Monday, April 25, 2005

A Match Made In Heaven

MoDo reviews Jane Fonda: whose prose is worse? Ye gads, take a look:
''My Life So Far'' is not a lyrical title, but it captures Jungian Jane's Sisyphean, Oprahphean struggle to process her pain and banish her demons. Her book is a psychobabble loop of ''tectonic shifting,'' forfeiting her authenticity and feeling disembodied, then trying to reinhabit her body and ''own'' her womanhood and her space and her vagina, her leadership and her wrinkles and her mother, so that her ''authentic self'' can emerge; if the ''functioning self'' and ''embodied self'' could merge, she could fully engage with another fully authentic person in mutual affirmation, a whole being not overlapping into another being in a ''relational dance of patriarchy,'' and live happily ever after in a ''shrinking, congested planet with diminishing resources and no vast, conquerable frontier to escape and expand into.''

Of course, MoDo finds space to knock religion:

...about finding God: ''It was more an experiencing of His presence, a psychic lucidity, that was allowing me access to something beyond consciousness. It wasn't long, however, before I found myself bumping up against certain literal, patriarchal aspects of Christian orthodoxy that I found difficult to embrace.'' Duh.
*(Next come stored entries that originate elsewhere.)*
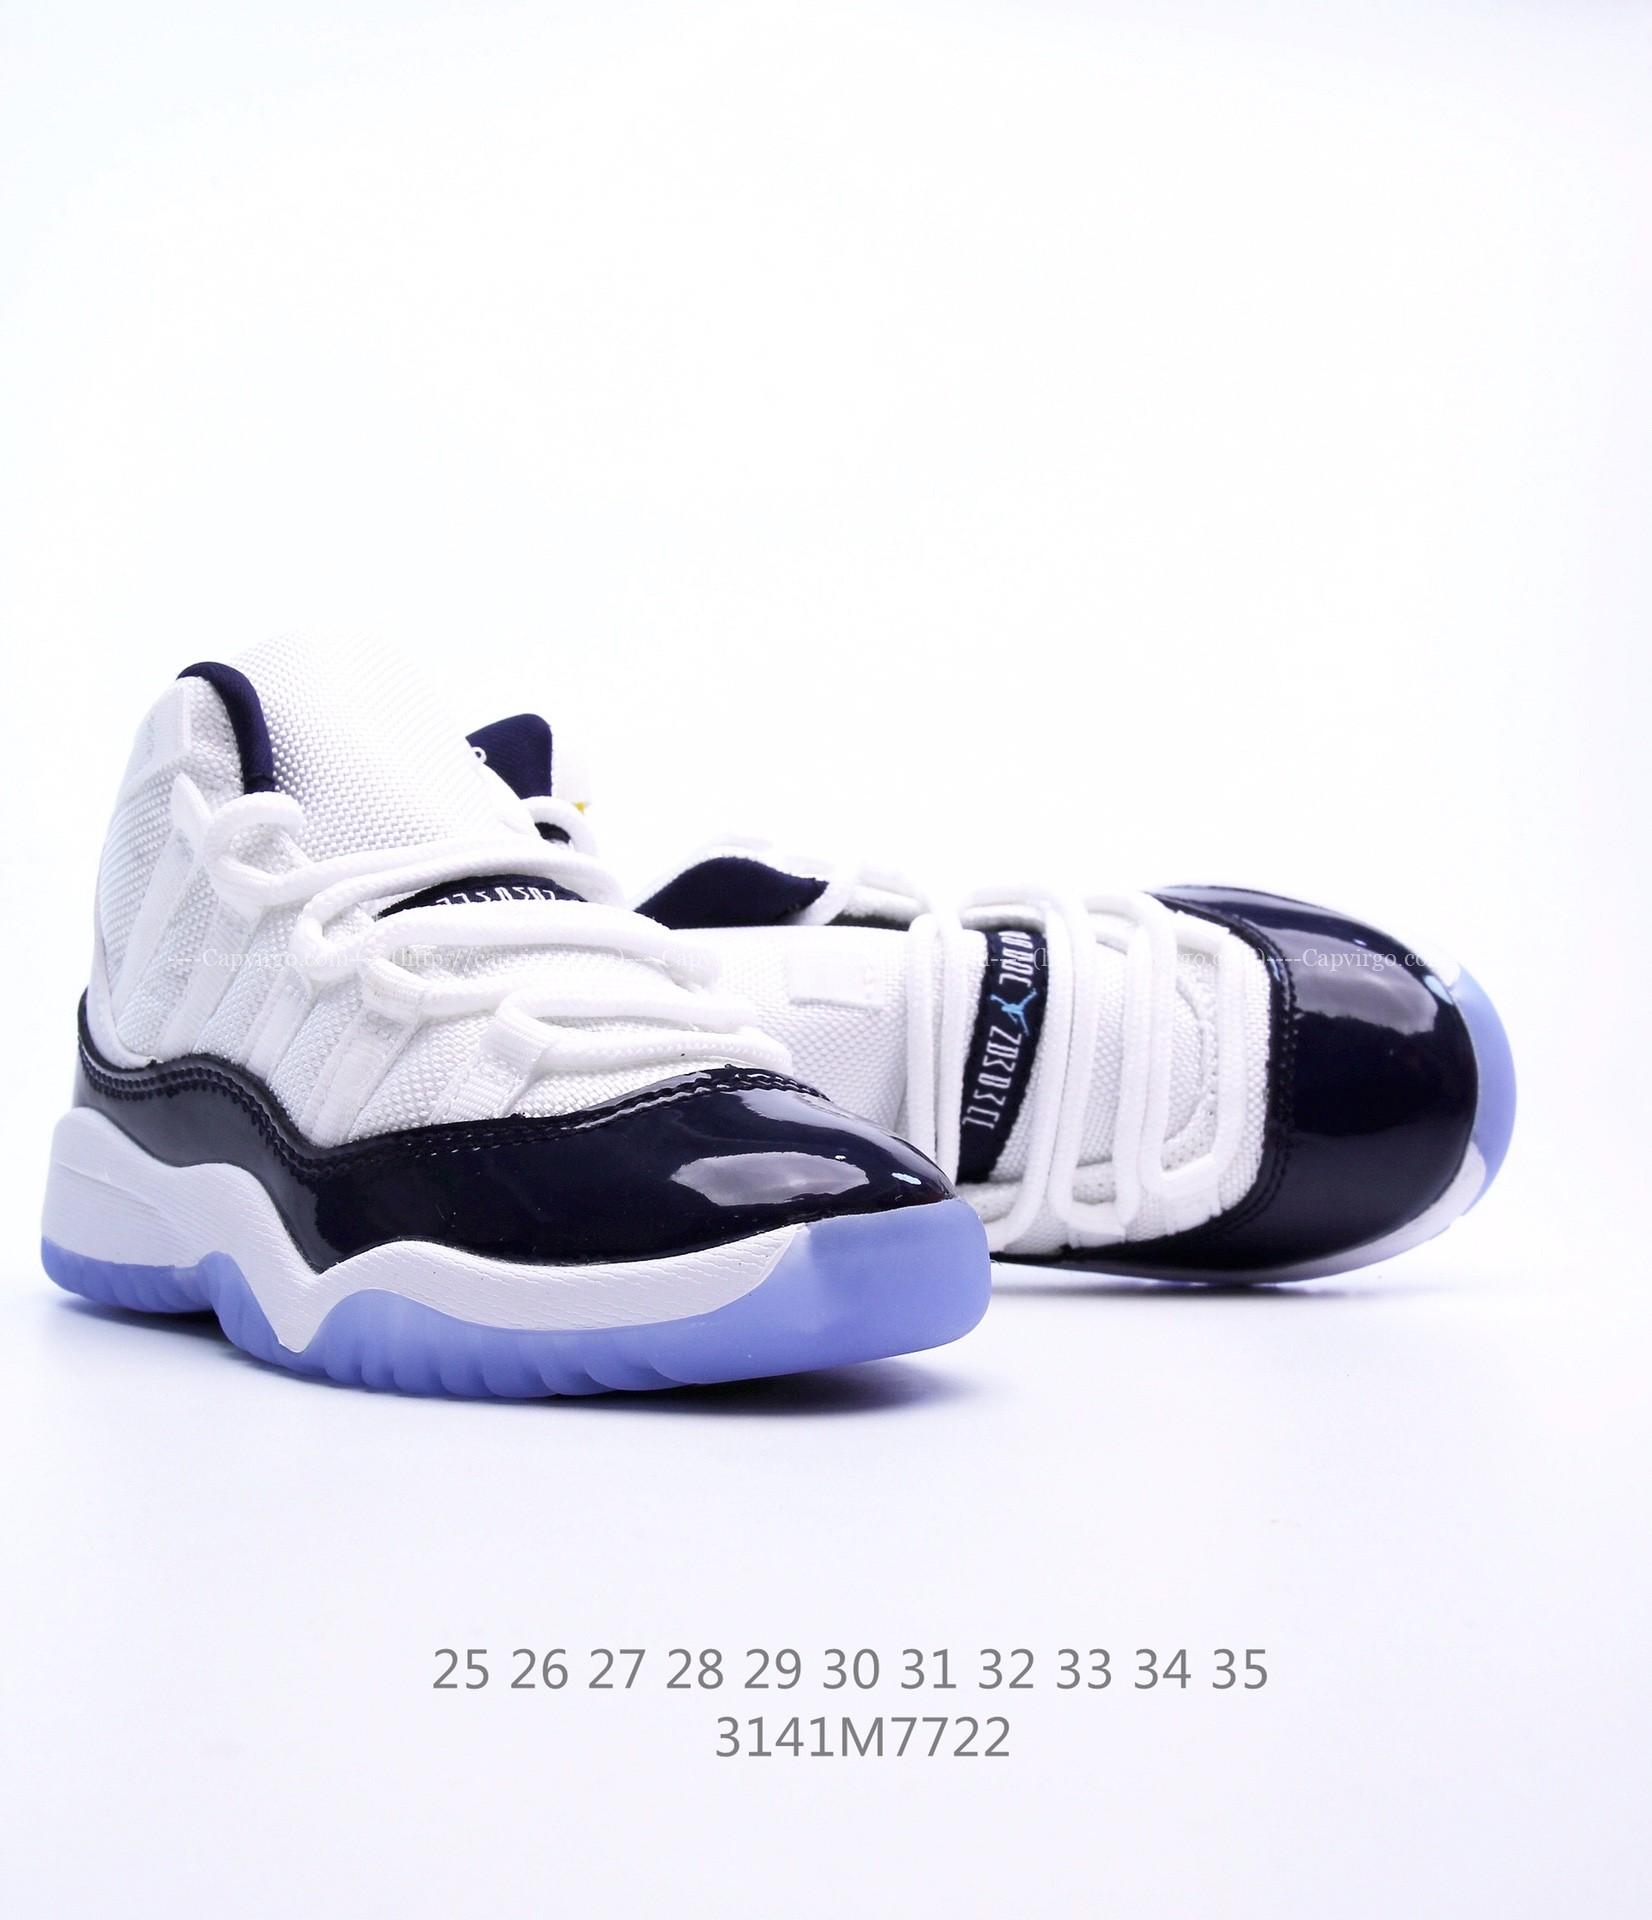 Giày Air Jordan 11 Platinum Tint trẻ em siêu cấp màu trắng viền đen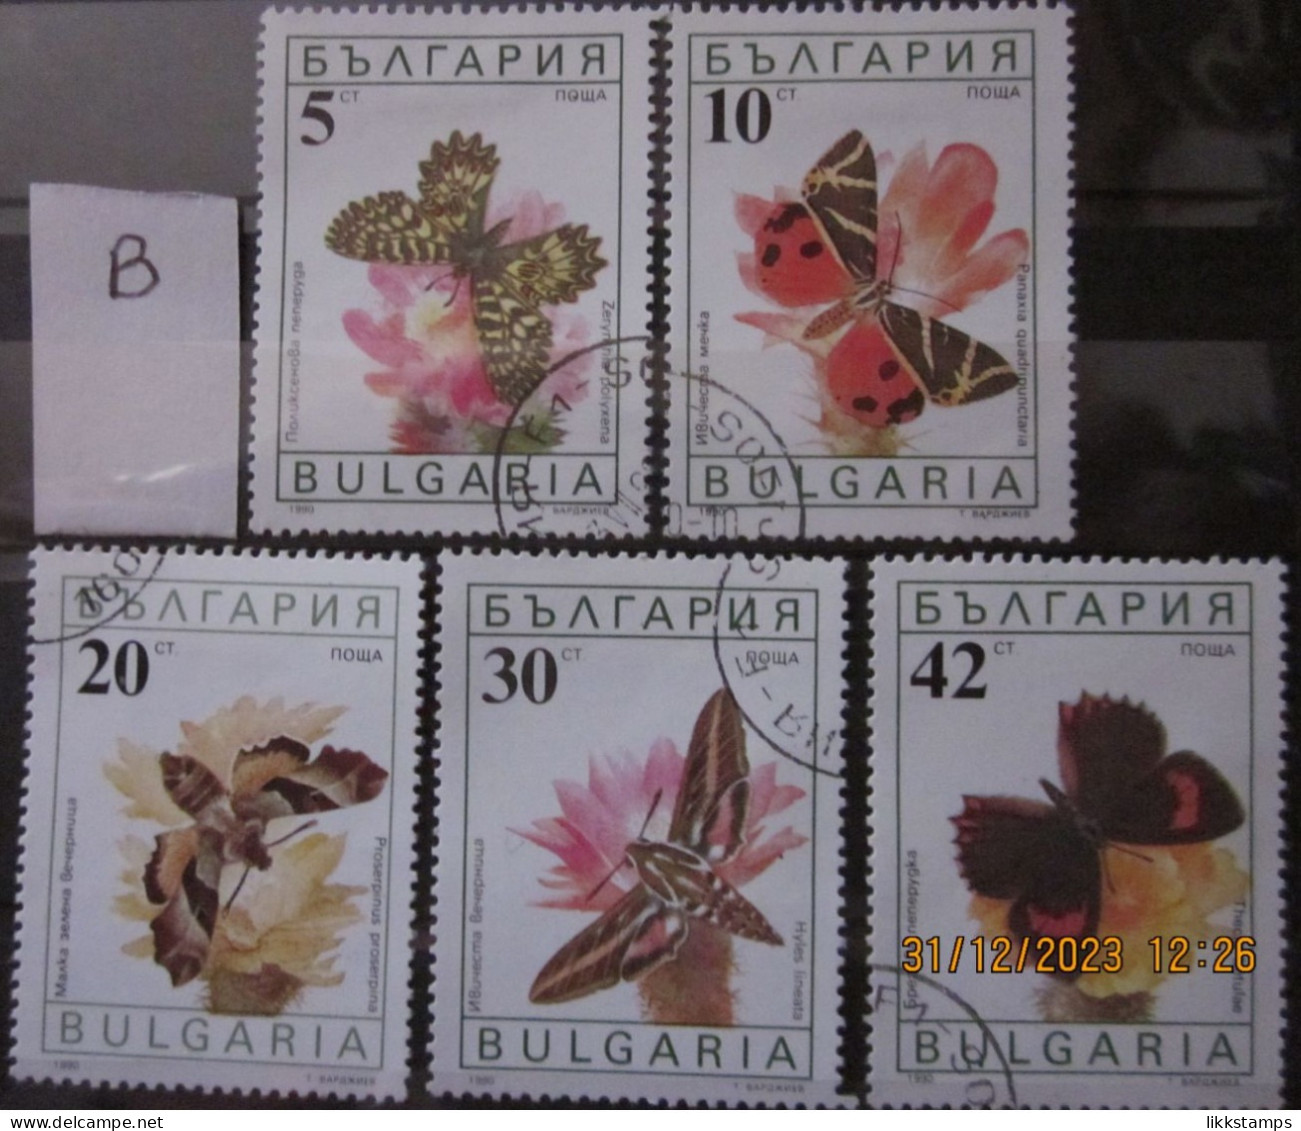 BULGARIA 1990 ~ S.G. 3699 - 3703, ~ 'LOT B' ~ BUTTERFLIES AND MOTHS. ~  VFU #02917 - Oblitérés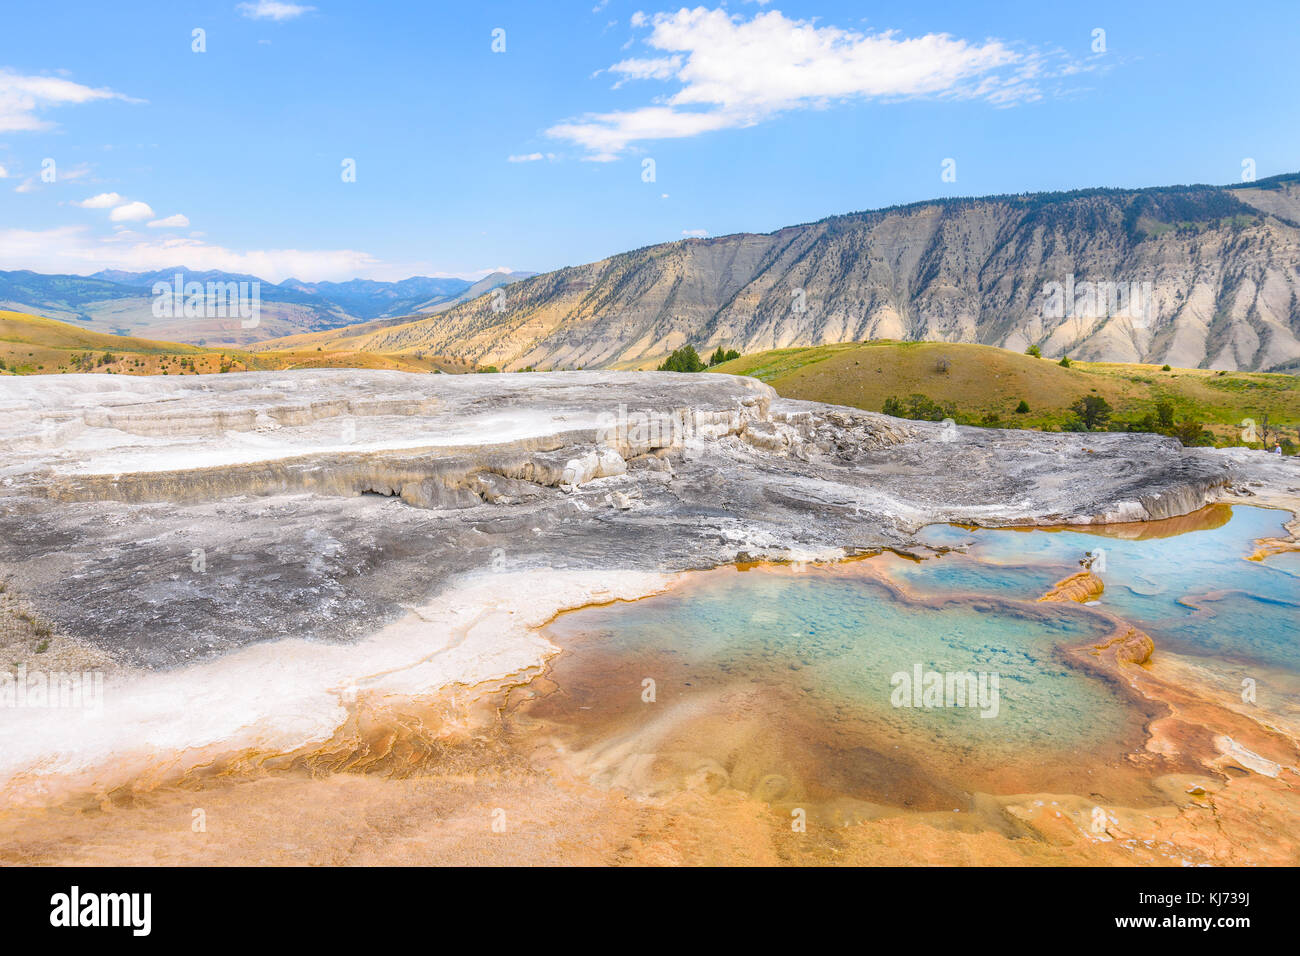 Minerali piscine calde del parco nazionale di Yellowstone. Mammoth Hot Springs area. Foto Stock

We learn that Fonda was taught by the best:

[Roger] Vadim, she says, ''knew how to validate only my facade.'' She went into her radical chic phase, learning about black voting rights from Marlon Brando and the Vietnam War under the tutelage of Simone Signoret. ''Never underestimate what might be lying dormant beneath the surface of a back-combed blonde wearing false eyelashes,'' she writes.

Warning: don't read this next passage if you've had anything to eat recently:

She and...Tom Hayden...met, not cute but causey. Having finished a book about how the Vietnam War paralleled American ''genocide'' against Native Americans, he showed up at a slide show she had given about Vietnam. He was wearing a long braid and ''rubber sandals of the type I'd been told the Vietnamese made out of the tires of abandoned U.S. vehicles,'' and asked her for help with an art exhibit designed ''to show the Vietnamese as human beings.'' Within days, they were making love on the living room floor.

Wow. That really stinks. Really, really, really stinks...wow.